Make an exact copy of the listing below. Pictures stay out of it.

# DATA EXCERPT
== == ==
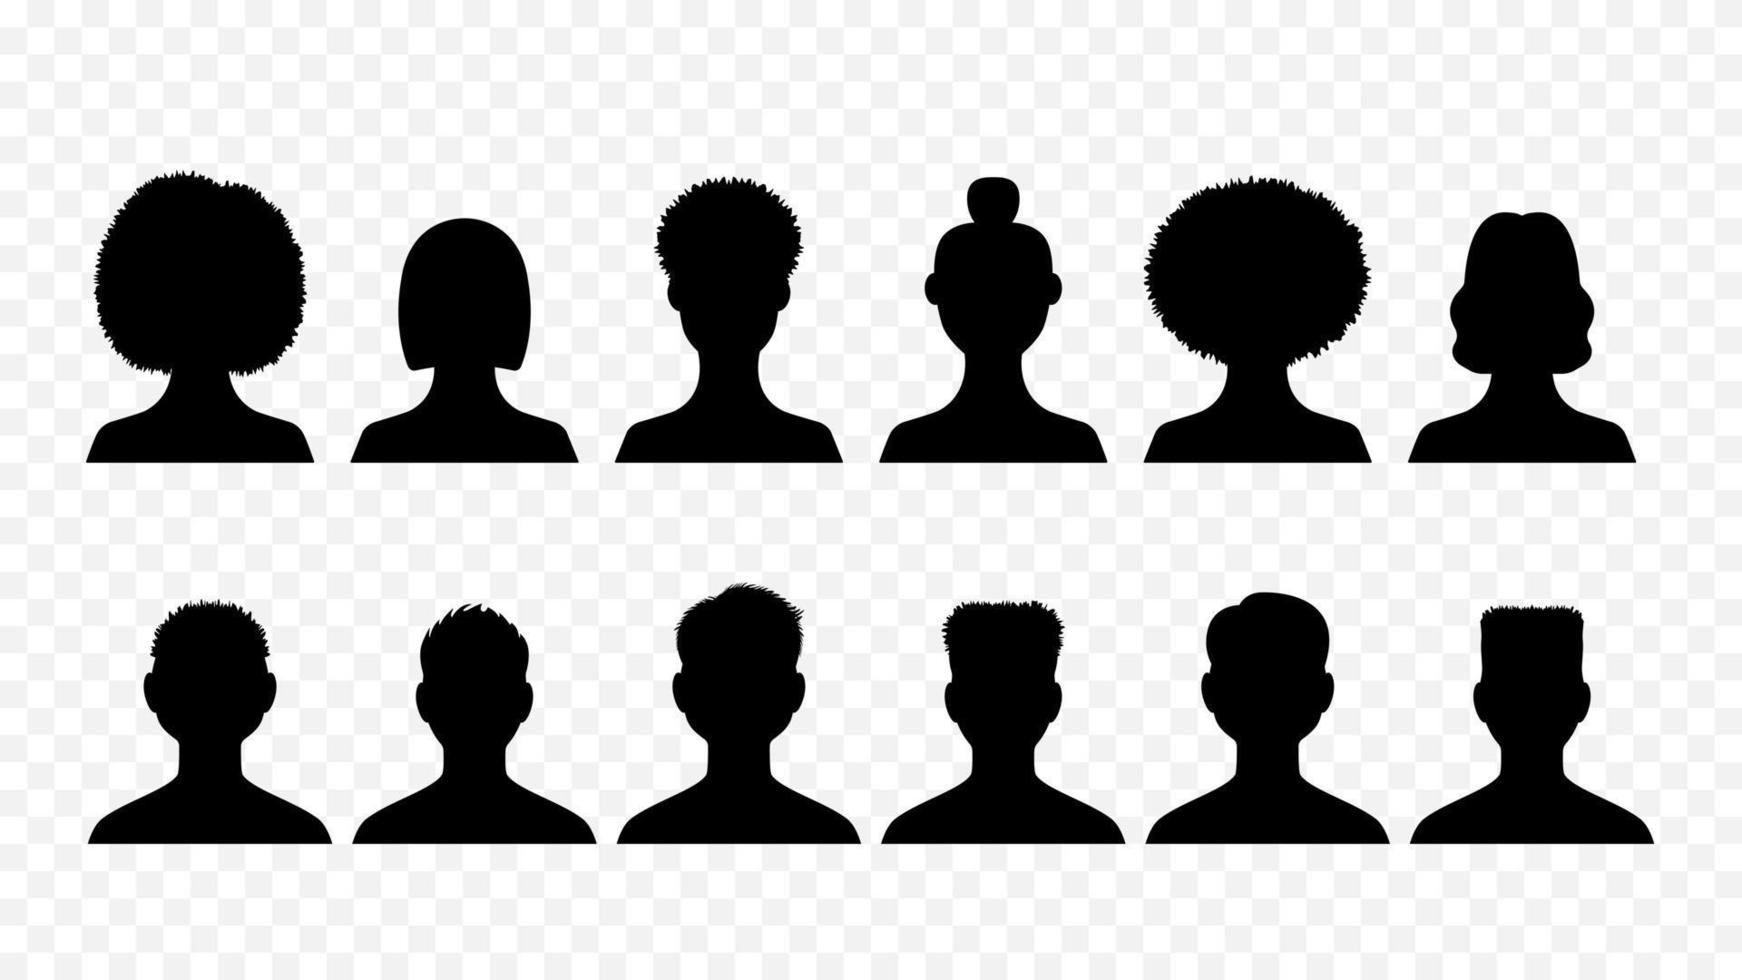 manliga och kvinnliga avatarer silhuetter isolerade uppsättning. svart skisserar unga människor med trendiga frisyrer från olika etniska grupper för användares sociala nätverk och webbvektorsajter vektor
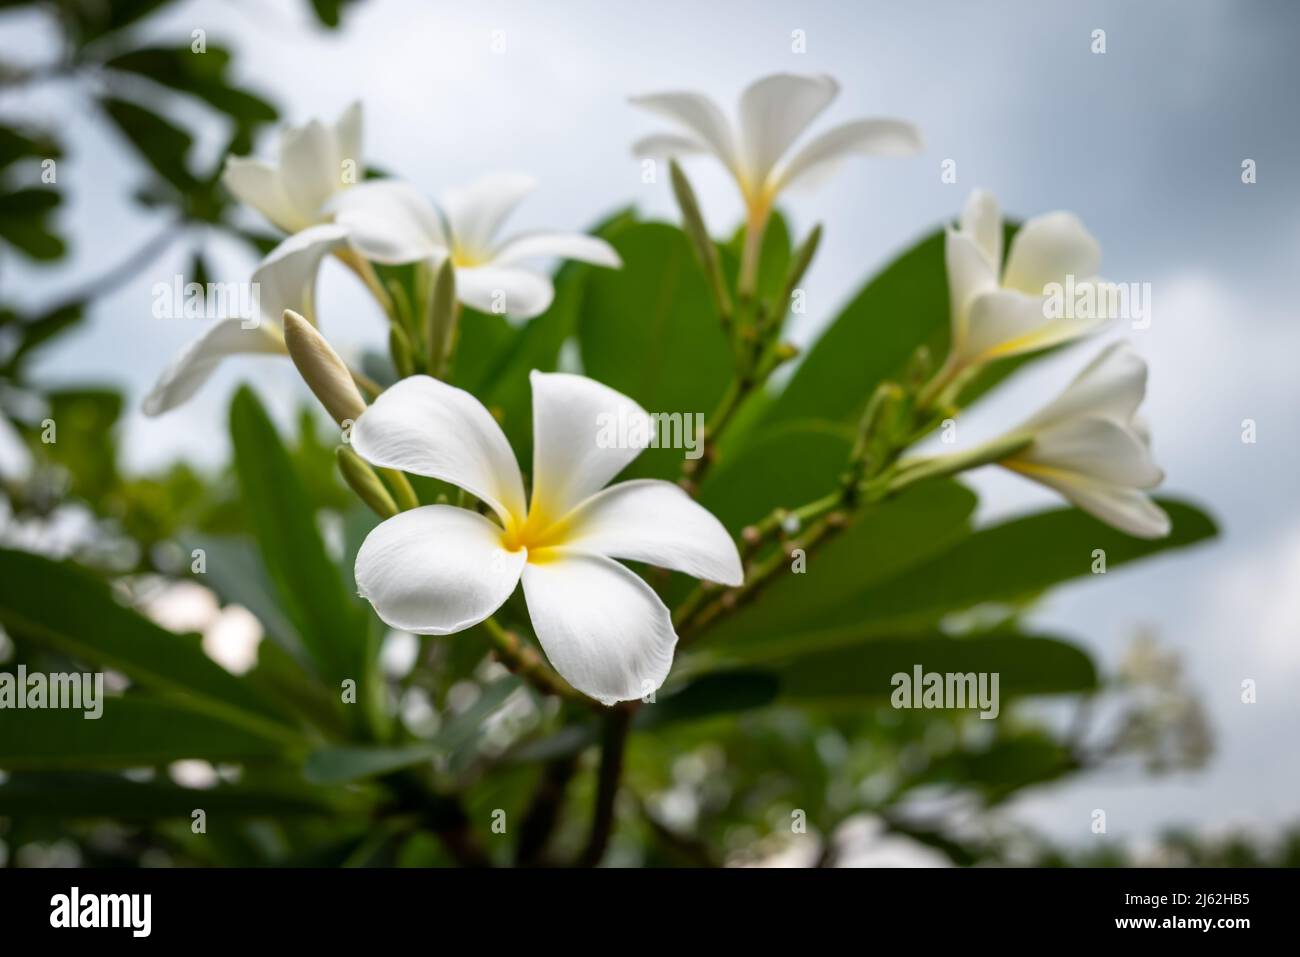 Plumeria est des arbres endémiques du Mexique et de la Thaïlande et la fleur nationale du Laos. Arbre blanc de Temple avec fond vert de feuille dans le jardin. Banque D'Images
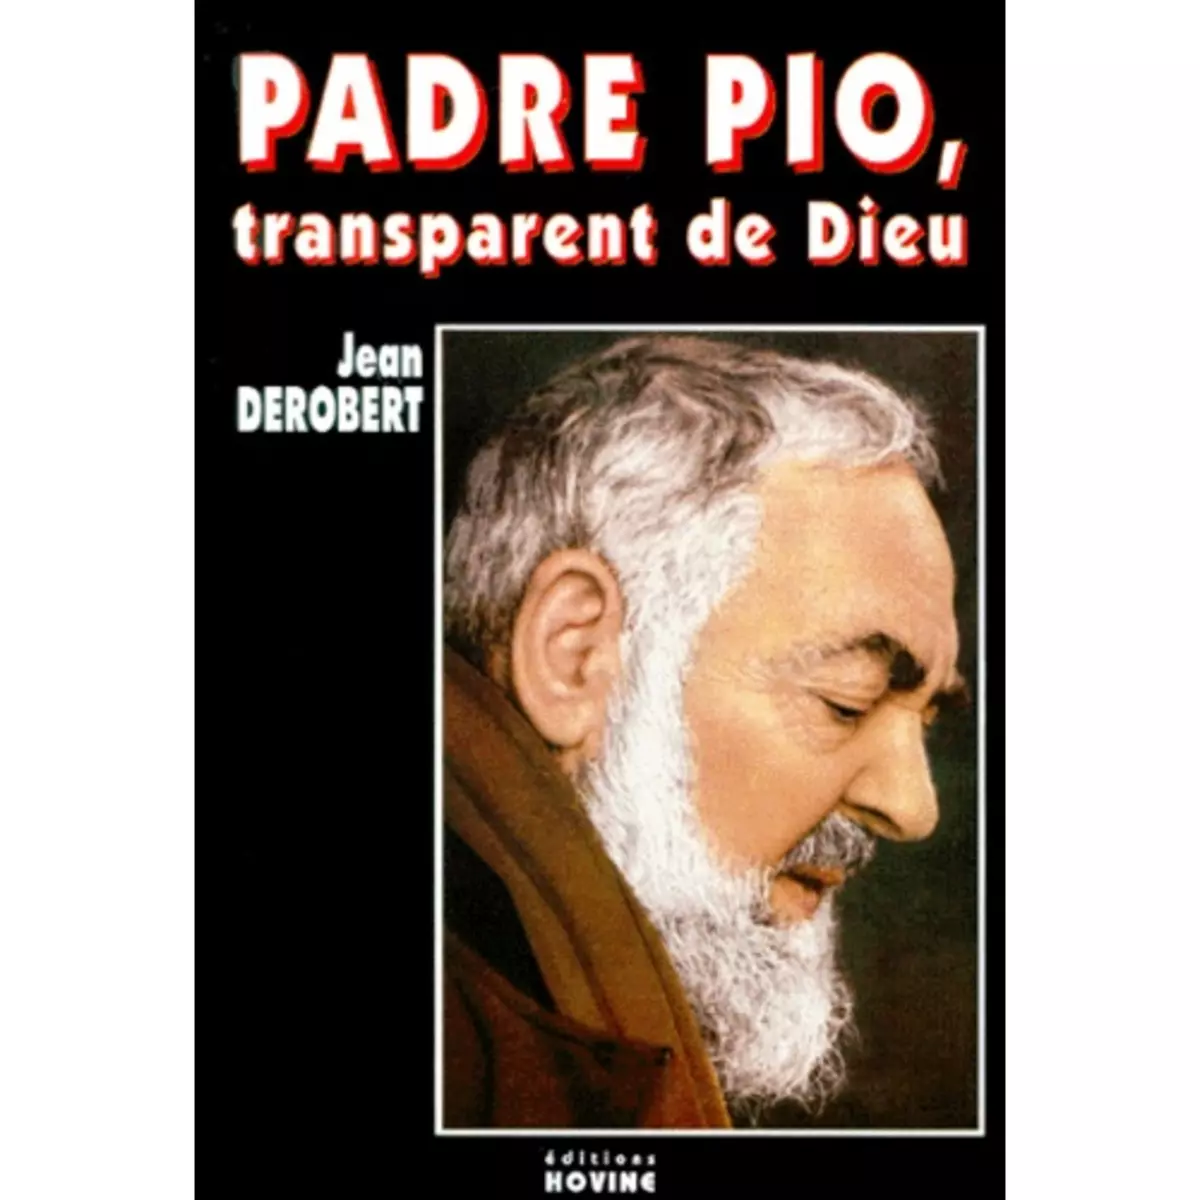  PADRE PIO, TRANSPARENT DE DIEU. PORTRAIT SPIRITUEL DE PADRE PIO AU TRAVERS DE SES LETTRES, Derobert Jean
== == ==
# ANSWER
 manliga och kvinnliga avatarer silhuetter isolerade uppsättning. svart skisserar unga människor med trendiga frisyrer från olika etniska grupper för användares sociala nätverk och webbvektorsajter vektor
 Plumeria est des arbres endémiques du Mexique et de la Thaïlande et la fleur nationale du Laos. Arbre blanc de Temple avec fond vert de feuille dans le jardin. Banque D'Images
  PADRE PIO, TRANSPARENT DE DIEU. PORTRAIT SPIRITUEL DE PADRE PIO AU TRAVERS DE SES LETTRES, Derobert Jean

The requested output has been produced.